A Post-Fidel, Pre-Trump Cuba
{Thursday, December 29th, 2016}
{Thursday, December 29th, 2016}
Cuba's Economy Minister Ricardo Cabrisas yesterday held a news conference for the AP and other news agencies and painted a rather bleak picture for the island's immediate financial future. Mr. Cabrisas said, "Our economy shrank almost 1% this year, the first such shrinkage in a quarter century." The plunge in revenue, he said, came in spite of the surge in tourism set off by President Obama's USA detente, which was overwhelmed by the enormous political and economic problems in Venezuela. Mr.
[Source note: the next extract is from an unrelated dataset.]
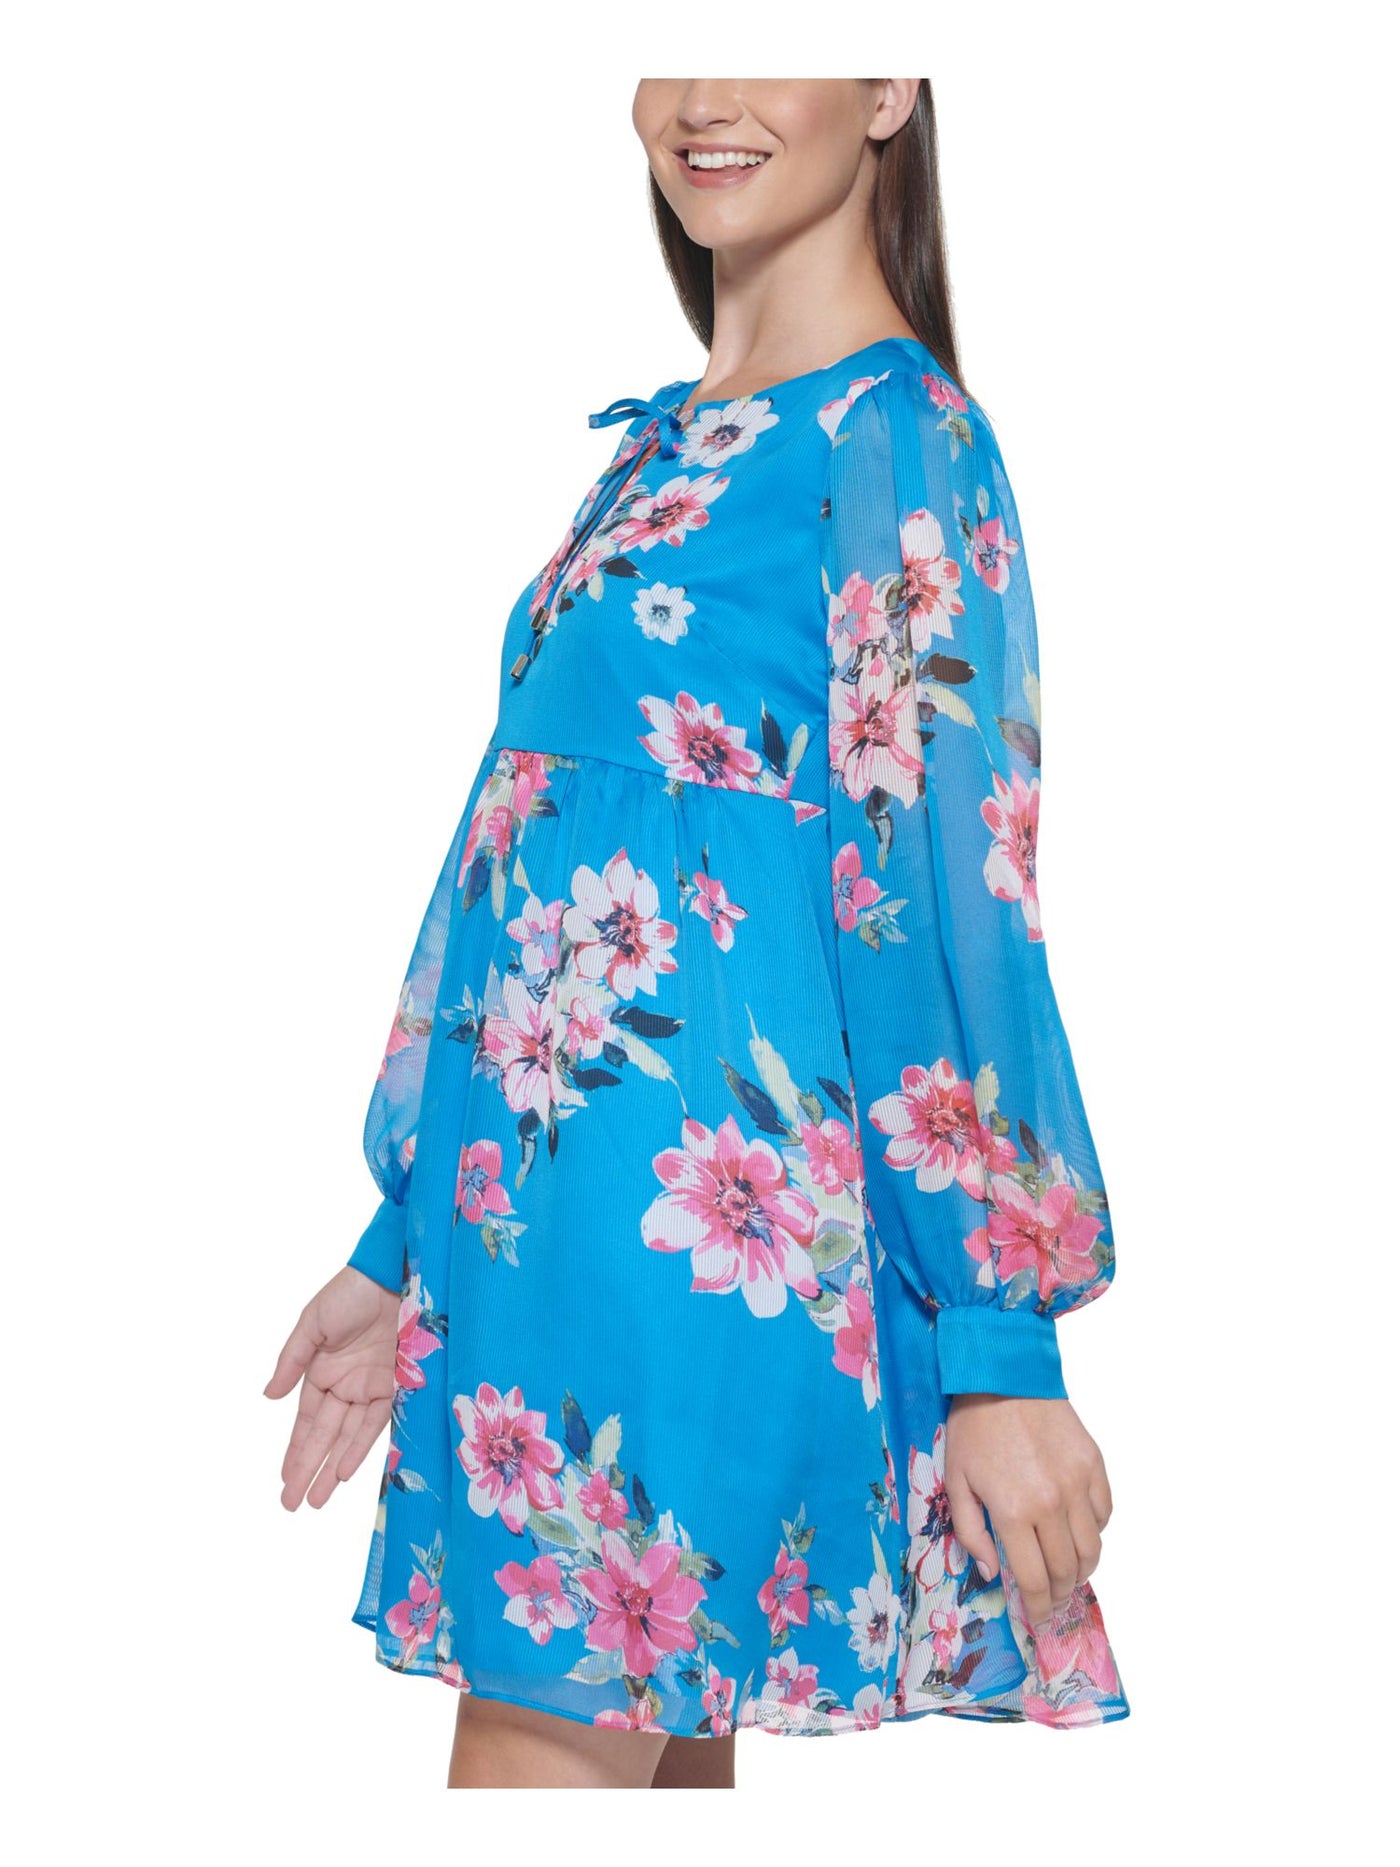 KENSIE Womens Blue Ribbed Lined Floral Cuffed Sleeve Tie Neck Above The Knee Party Shift Dress 2

Cabrisas confirmed that some of the social contracts with Venezuela have not been paid and that oil shipments in subsidized payments had fallen from 115,000 barrels-a-day in 2008 to 90,000 in recent years and to 40,000 in recent months. Cuba had been able to sell some refined gasoline but low prices for oil, sugar and nickel had also hurt Cuba's economy. Prior to confirmation from Mr. Cabrisas, the London Globe and Mail, Forbes and other major news outlets this week also predicted dire economic problems for Cuba heading into 2017, with roadblocks represented by the transition from the Cuba-friendly Obama White House to the Bush-like Trump administration looming as what one of Mr. Cabrisas' top aides had called "maybe an obstacle that only a healthy Fidel could overcome." Asked if he approved that comment, Mr. Cabrisas said, "I approve what we are trying to do. We will always be challenged by powerful forces. We will remain forever resilient."
Meanwhile, 2017 will mark a Cuba that will be forced to cope with a post-Fidel and pre-Trump reality it has never faced before. This Instagram photo, as it flashes around the world, is provoking additional, but pertinent, conversations about the island's future. Thanks to Obama, Cuba's famed ingenuity related to its renowned old cars have even resulted in new paint jobs and actual, not just improvised, repairs. The Cuban leaning against the spanking old car represents the mounting impatience of the island's healthy, well-educated and ambitious young-adult generation that will...more and more...demand input into whatever the future holds for the gorgeous Caribbean nation that reeks of enormous potential IF domestic problems aligned with greedy and revengeful U. S. entities can be overcome or even merely blunted.
Old Dominion University in Virginia is one of a growing number of American universities and businesses that desperately want to interact with the island of Cuba. Early in the New Year of 2017 both graduate students and undergraduates from ODU plan to spend time in Cuba intermingling with Cubans while also studying Cuba's unique culture, cuisine and farming methods, all of which have been severely affected since 1962 by the cruel U. S. embargo against the island, a travesty unanimously opposed, 191-to-0, by the nations of the world and an abomination that the U. S. democracy continues decade-after-decade to appease a few self-serving miscreants in Miami and in Congress. But now, even after its exciting Cuba announcement, ODU may have to rethink its trip to the island. Trump has already let it be known he will allow the likes of Bush-era zealots Mauricio Claver-Carone and John Bolton along with Miami hardliners in Congress to make his Cuban decisions, amounting to the continuation of a vicious, internationally scorned tragedy that targets millions of innocent Cubans as well as the once sacrosanct American democracy.